> WHAT THE TASK ASKS: Please copy out the full listing that follows exactly; no picture belongs in the copy.

> DATA EXTRACT:
# # # #

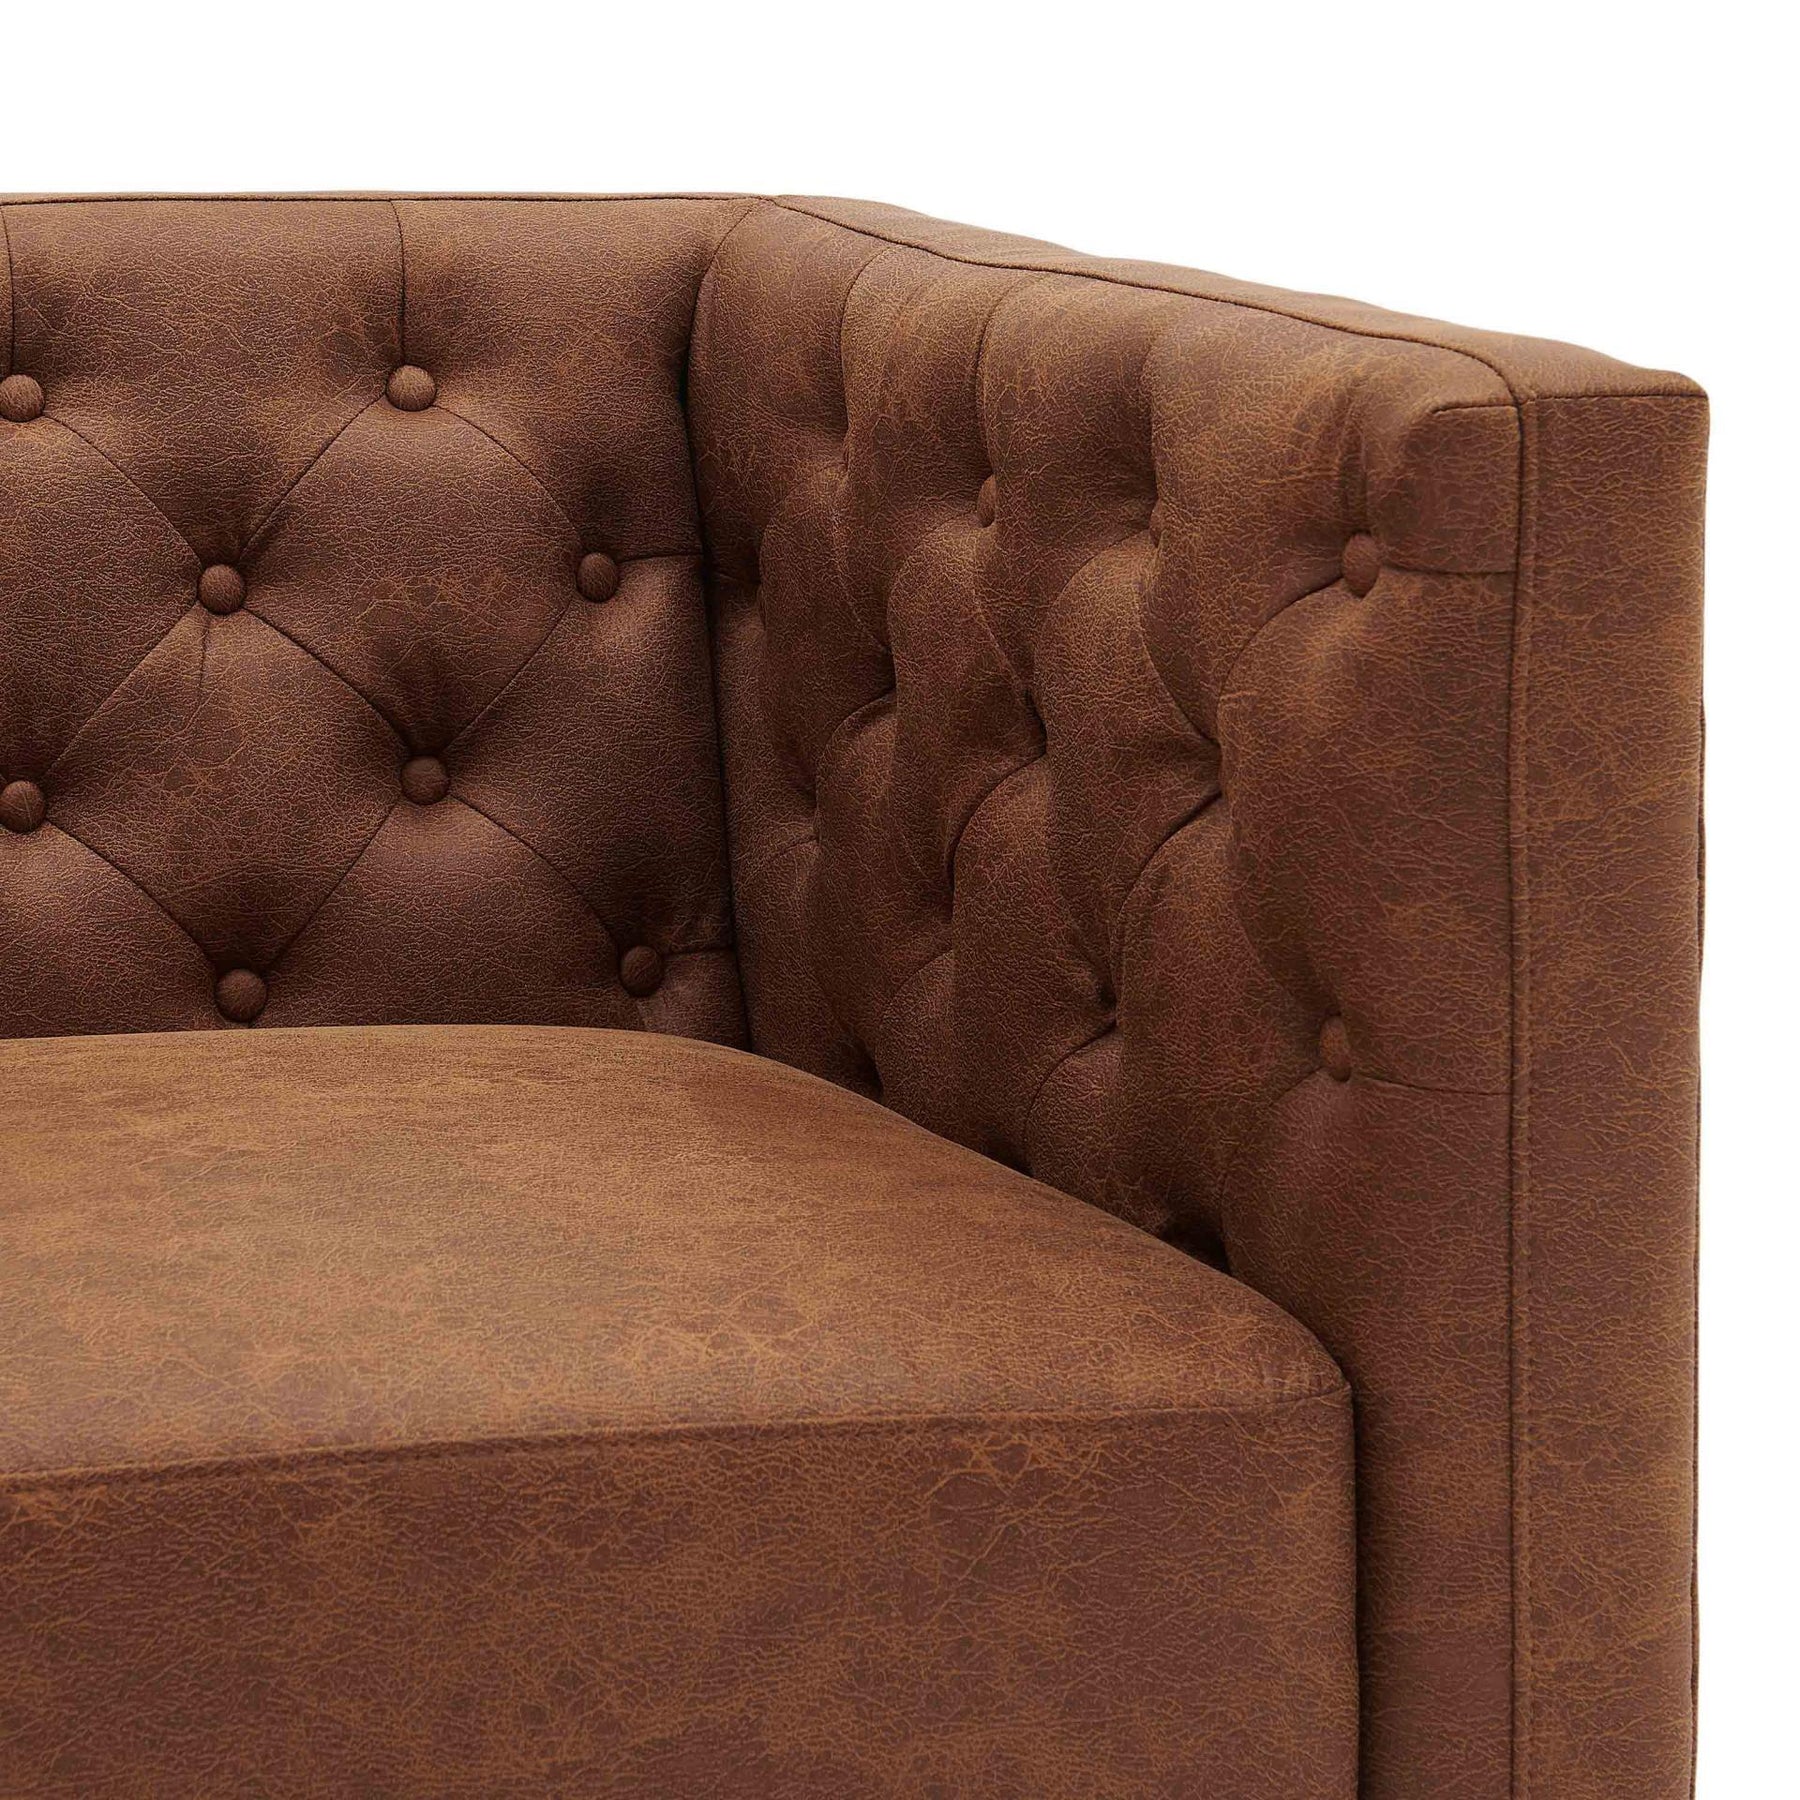 Johnson PU Leather Tufted Accent Chair by New Pacific Direct - 9900072
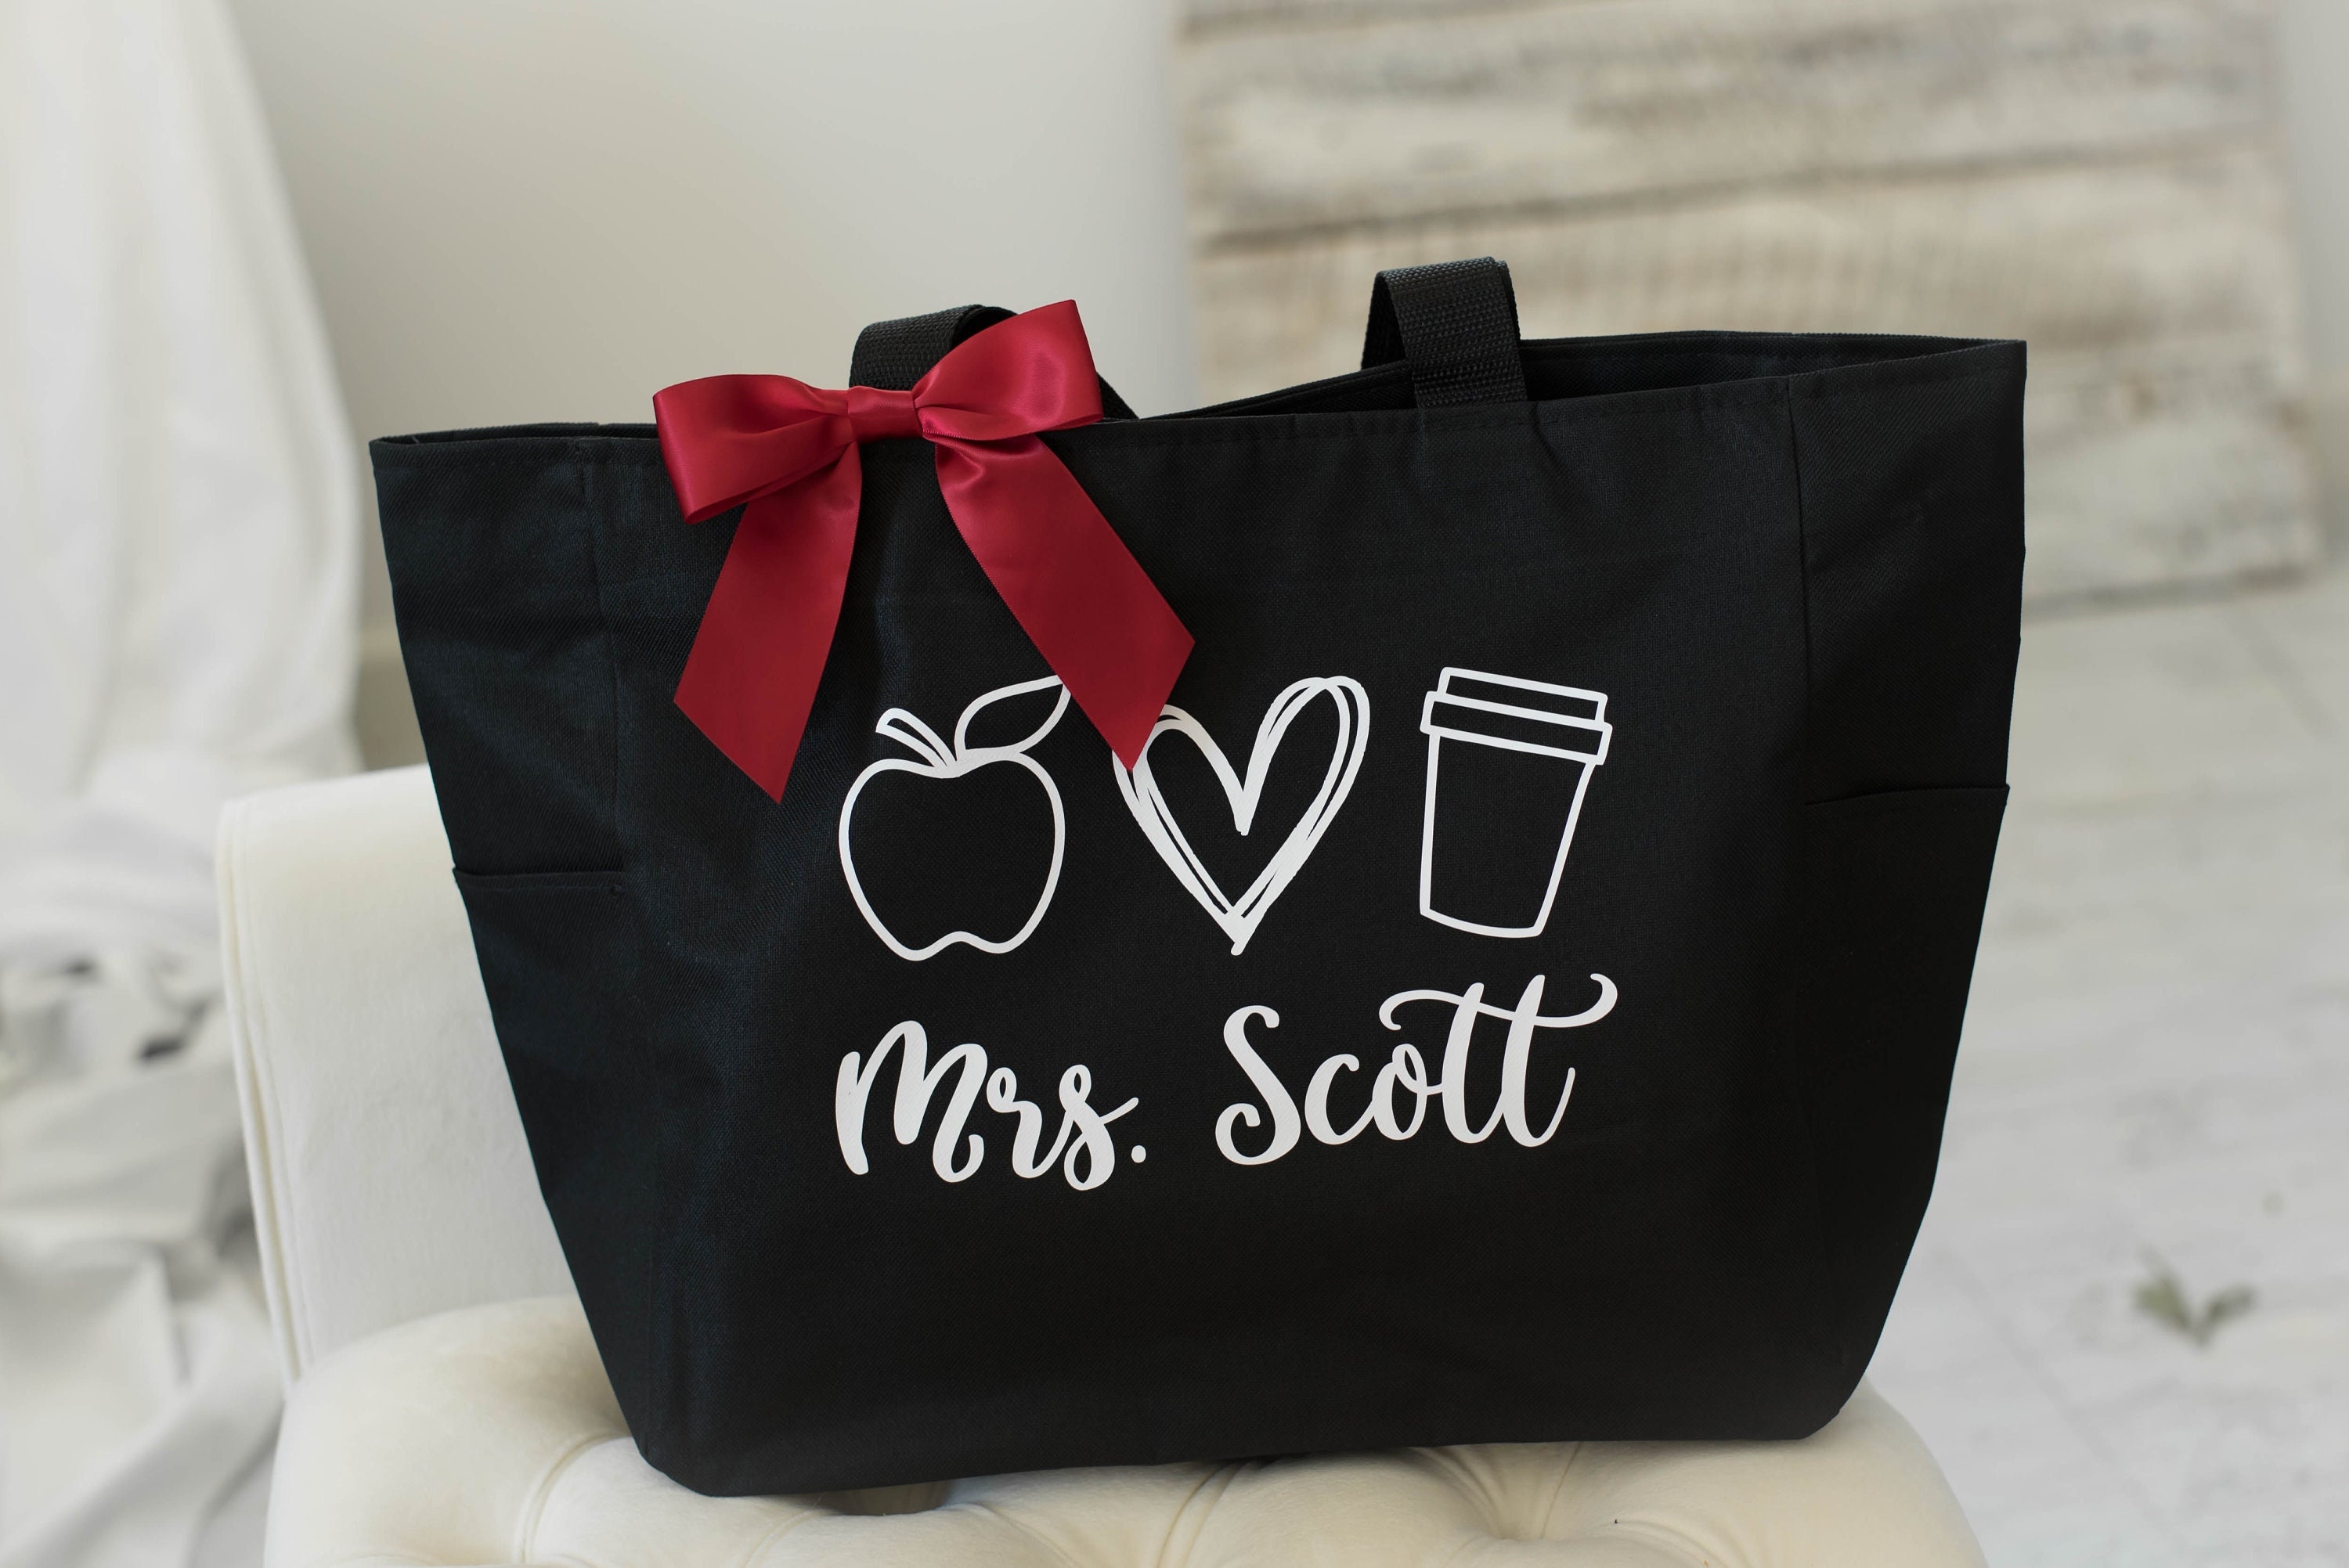 DIY personalized tote bags for kids - Today's Parent - Today's Parent
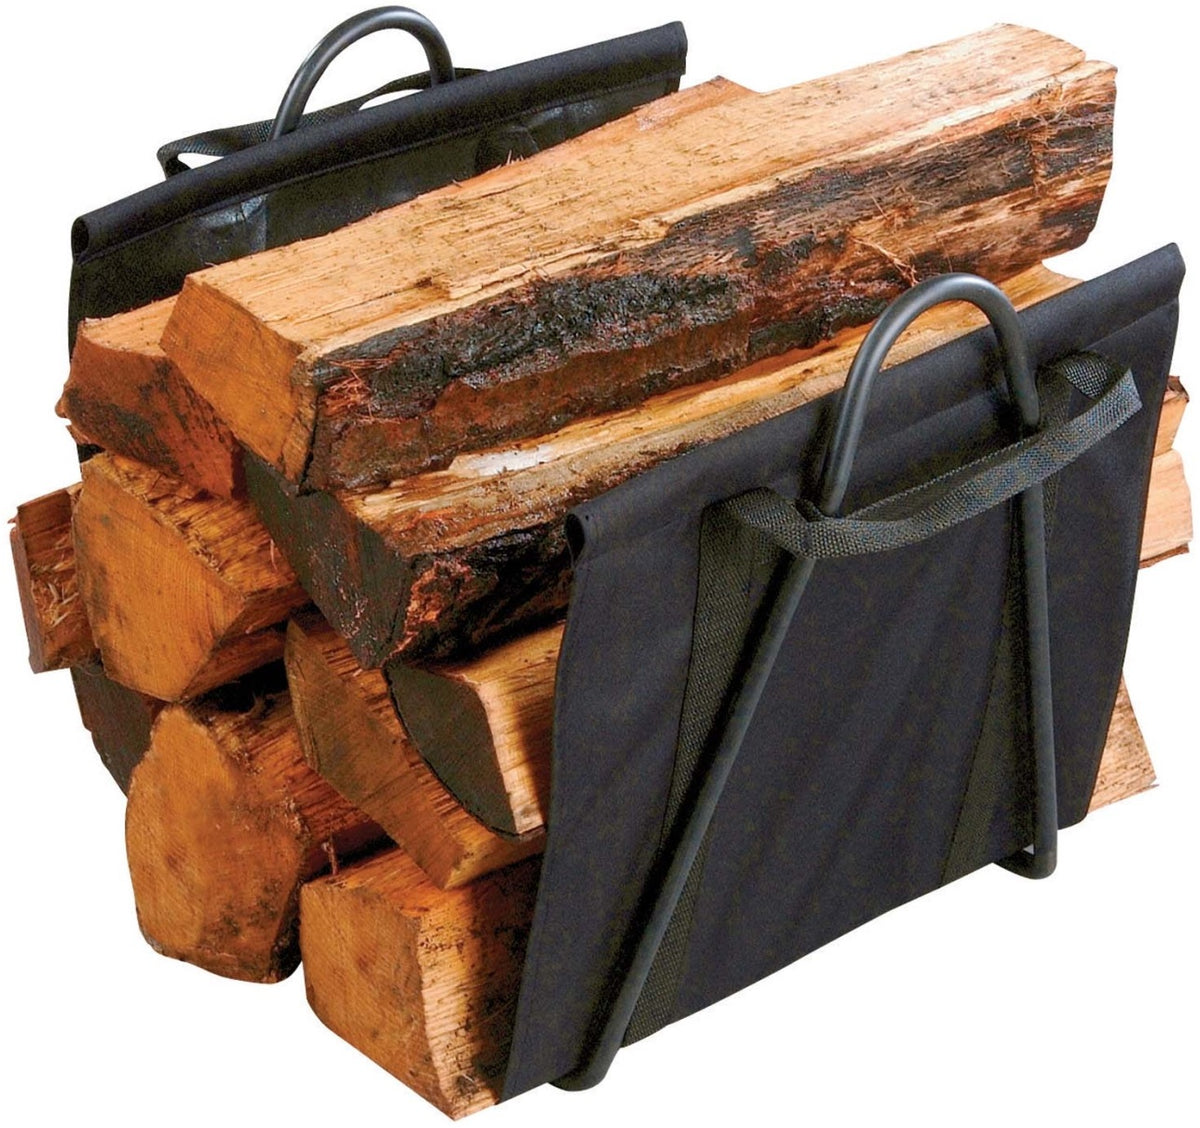 buy log racks at cheap rate in bulk. wholesale & retail fireplace goods & accessories store.

# # # #

> EXPECTED OUTPUT:
 Johnson PU Leather Tufted Accent Chair by New Pacific Direct - 9900072
 DIY personalized tote bags for kids - Today's Parent - Today's Parent
 buy log racks at cheap rate in bulk. wholesale & retail fireplace goods & accessories store.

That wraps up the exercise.